Lumet insists on precise, minimalist work from all of the older actors – Ludwig Donath and Michael Shillo as the rabbis and especially Theodore Bikel, who, as the father of the bride and the target of the spirits’ anger, gives perhaps the most unadorned performance of a generally flamboyant career.  The Judaic Van Helsings who dominate the second half of “The Dybbuk” feel like transplants from a later era of genre filmmaking.  They affect the same implacable, matter-of-fact approach toward the unknown as Nigel Kneale’s Professor Quatermass or The Exorcist’s Father Karras and Father Merrin.  (The Dybbuk’s incongruously doubled voice also anticipates Linda Blair’s growling demon voice in the Friedkin film.)  The rabbis pore over the ancient texts and debate the finer points of theology like scientists testing a thesis; then debate with the disembodied like lawyers in a (literal) trial; then finally perform the exorcism like surgeons probing for a tumor.  The possession of Leah, though clearly a paranormal event, does not inspire fear.  Rather, it is a social problem that must be solved through careful consideration and concerted action.  Upon a text rooted in ancient myth – Ansky derived “The Dybbuk” from Hasidic folklore he collected on an ethnographic expedition through the Ukraine – Lumet casts a modern and somewhat secular gaze.

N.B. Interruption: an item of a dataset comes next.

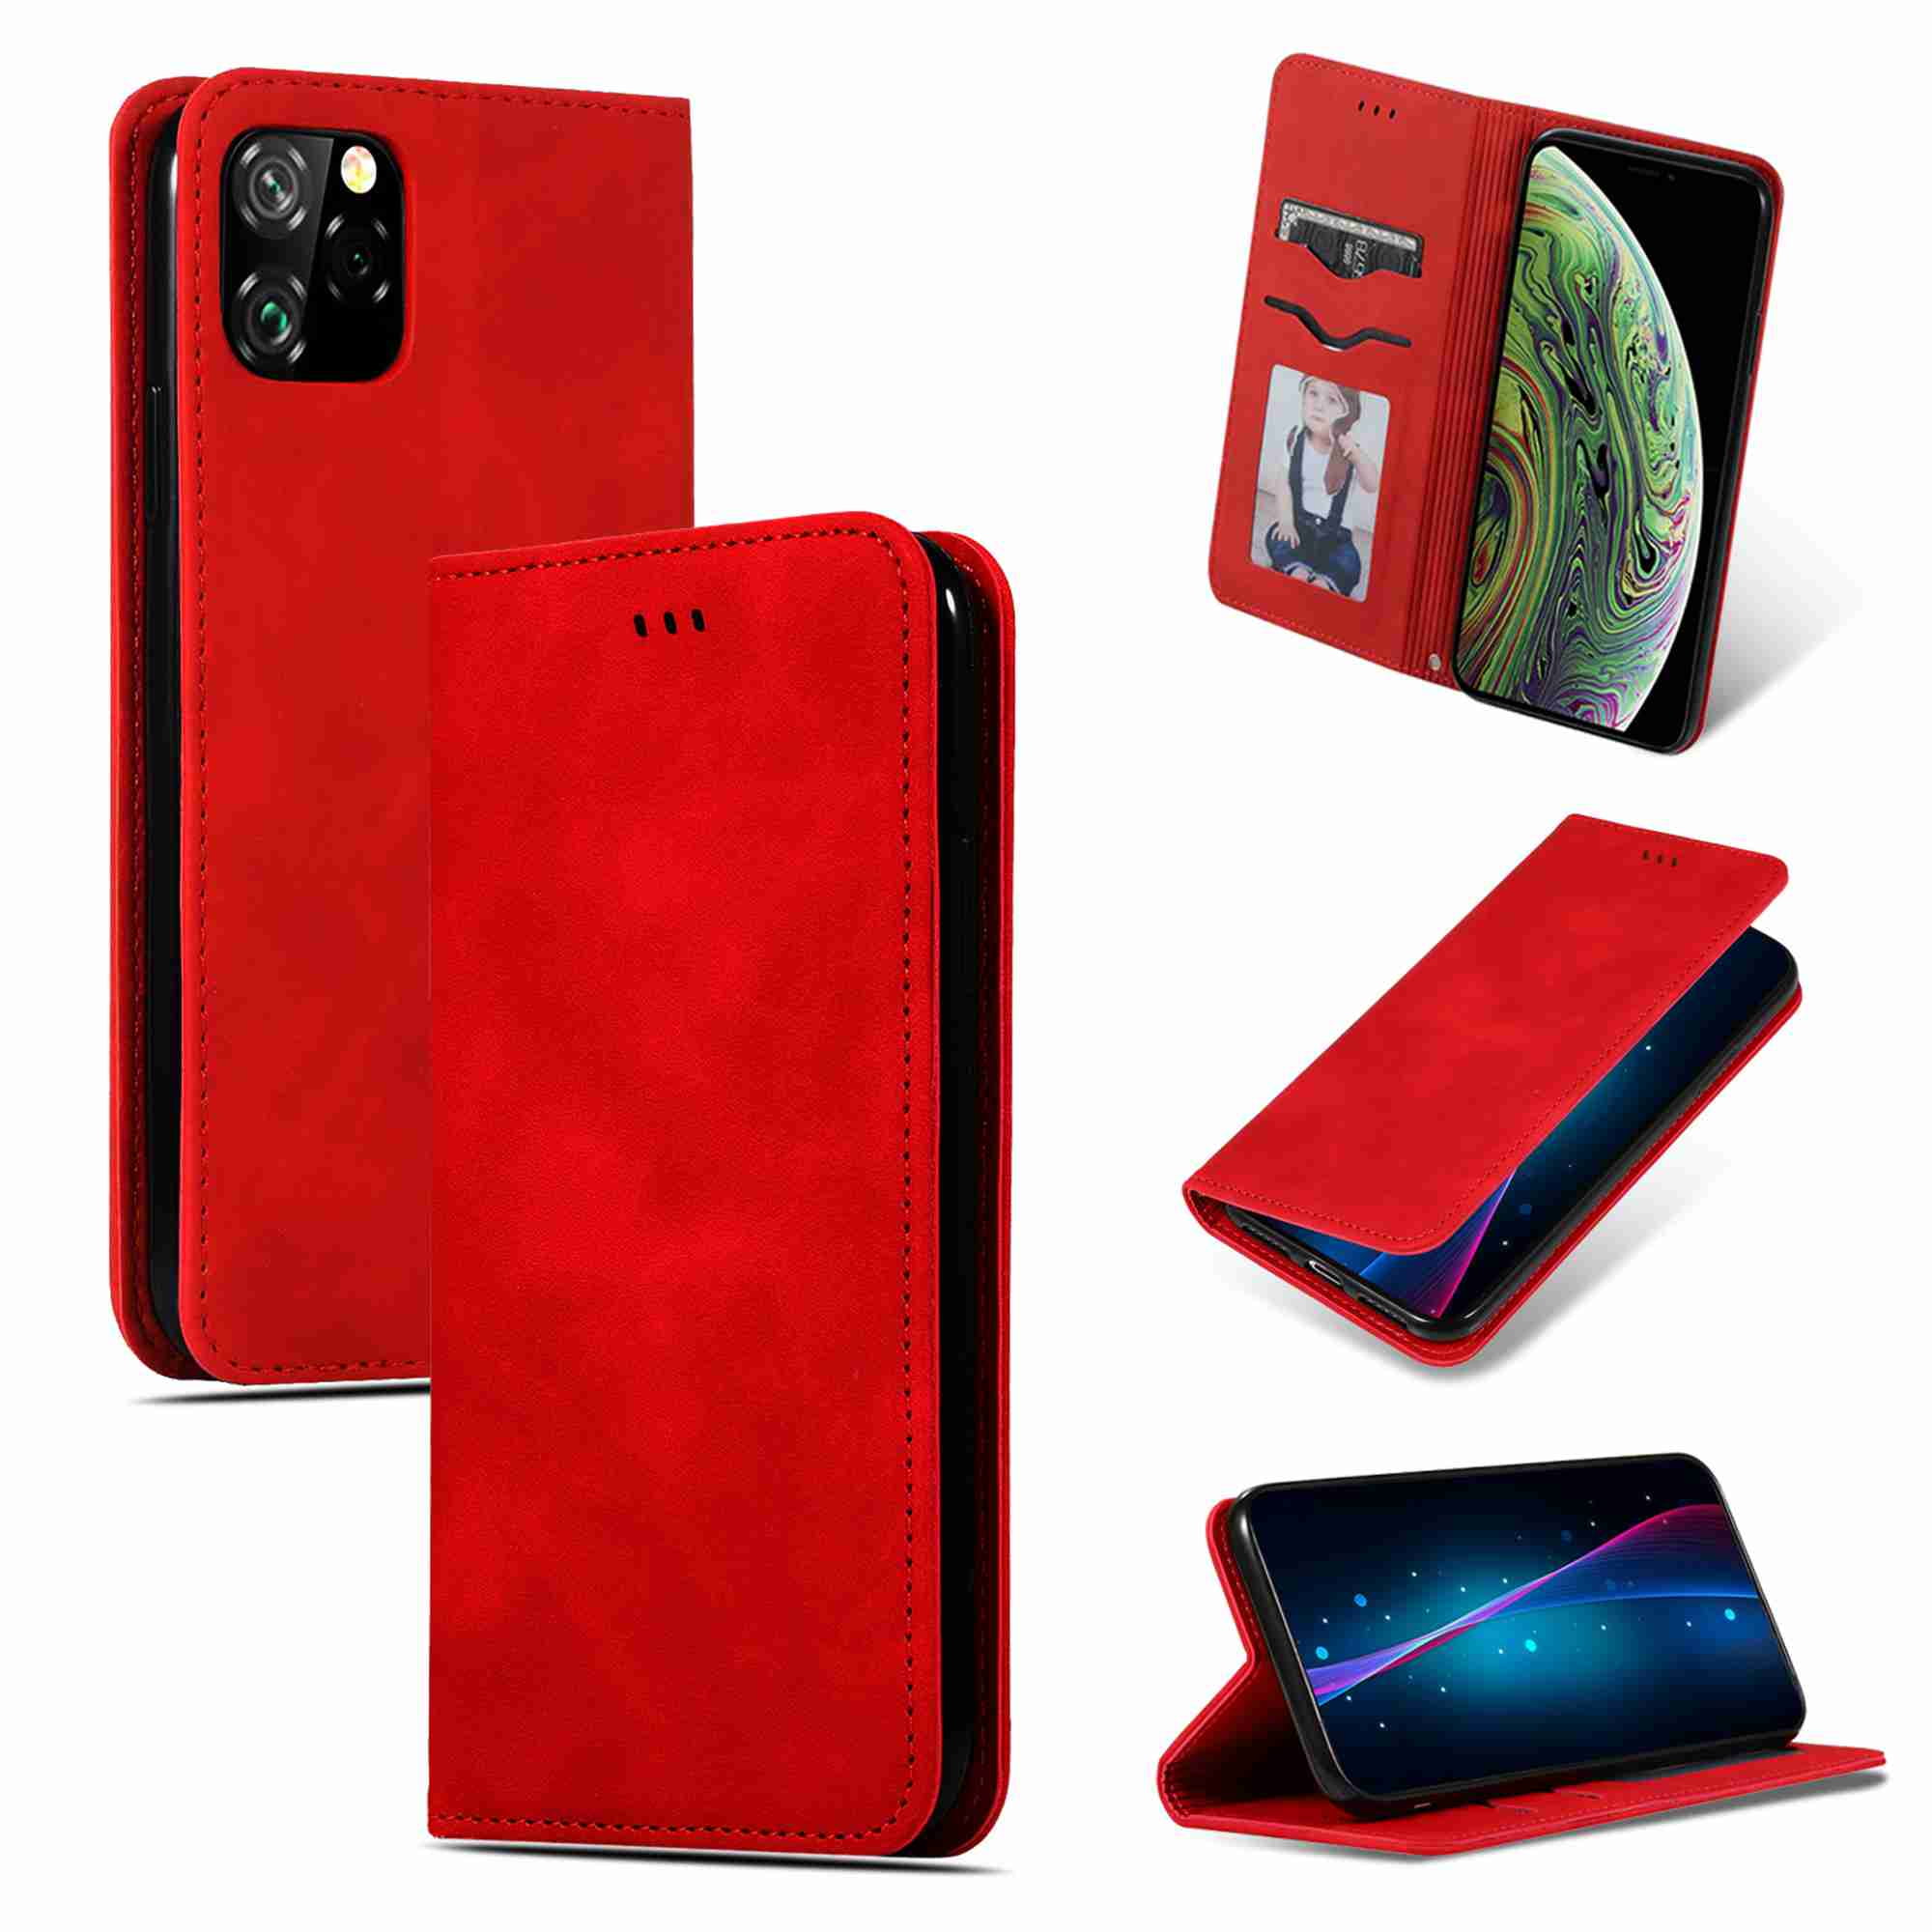 iPhone 11 Pro Max Flip Case Cover for Leather Card Holders Kickstand Extra-Shockproof Business Wallet Cover Flip Cover

If “The Dybbuk” remains in some ways a remote, flawed work, it may be because the strands of logic and emotionalism set up by Lumet (who structured many of his films, beginning with 12 Angry Men, along the same schematic lines) often seem to coexist rather than cohere.  As Hoberman points out, Lawrence’s West Side Story association provides a key subtext for “The Dybbuk.”  The Romeo and Juliet template of star-crossed lovers is present in the Ansky play; it is a universal idea amid an ocean of specific cultural references, and Lumet seizes upon it. Lawrence’s dark beauty, which dominates the climax, appears to have been his chief inspiration.

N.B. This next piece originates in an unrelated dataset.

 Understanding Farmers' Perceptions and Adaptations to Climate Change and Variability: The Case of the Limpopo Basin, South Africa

The doomed romance in “The Dybbuk” serves as an entry point into a show that, like “The World of Sholom Aleichem,” does not pander to gentiles.  Both shows deploy on-screen narrators – Sam Levene as Mendele the Bookseller in “Sholom Aleichem” and Donath in “The Dybbuk” – who make a token attempt to explain Yiddish culture to the uninitiated, but many of the finer points will be lost on non-Jews.  The axiom that television was parochial enough in the fifties to permit ethnic art like The Goldbergs, but quickly turned homogeneous once the cross-country cable was connected, is probably too simplistic.  Still, Play of the Week, with its proto-PBS diagram for highbrow quality television, was a defiant exercise in courting a niche audience long before the days of the cable multiverse.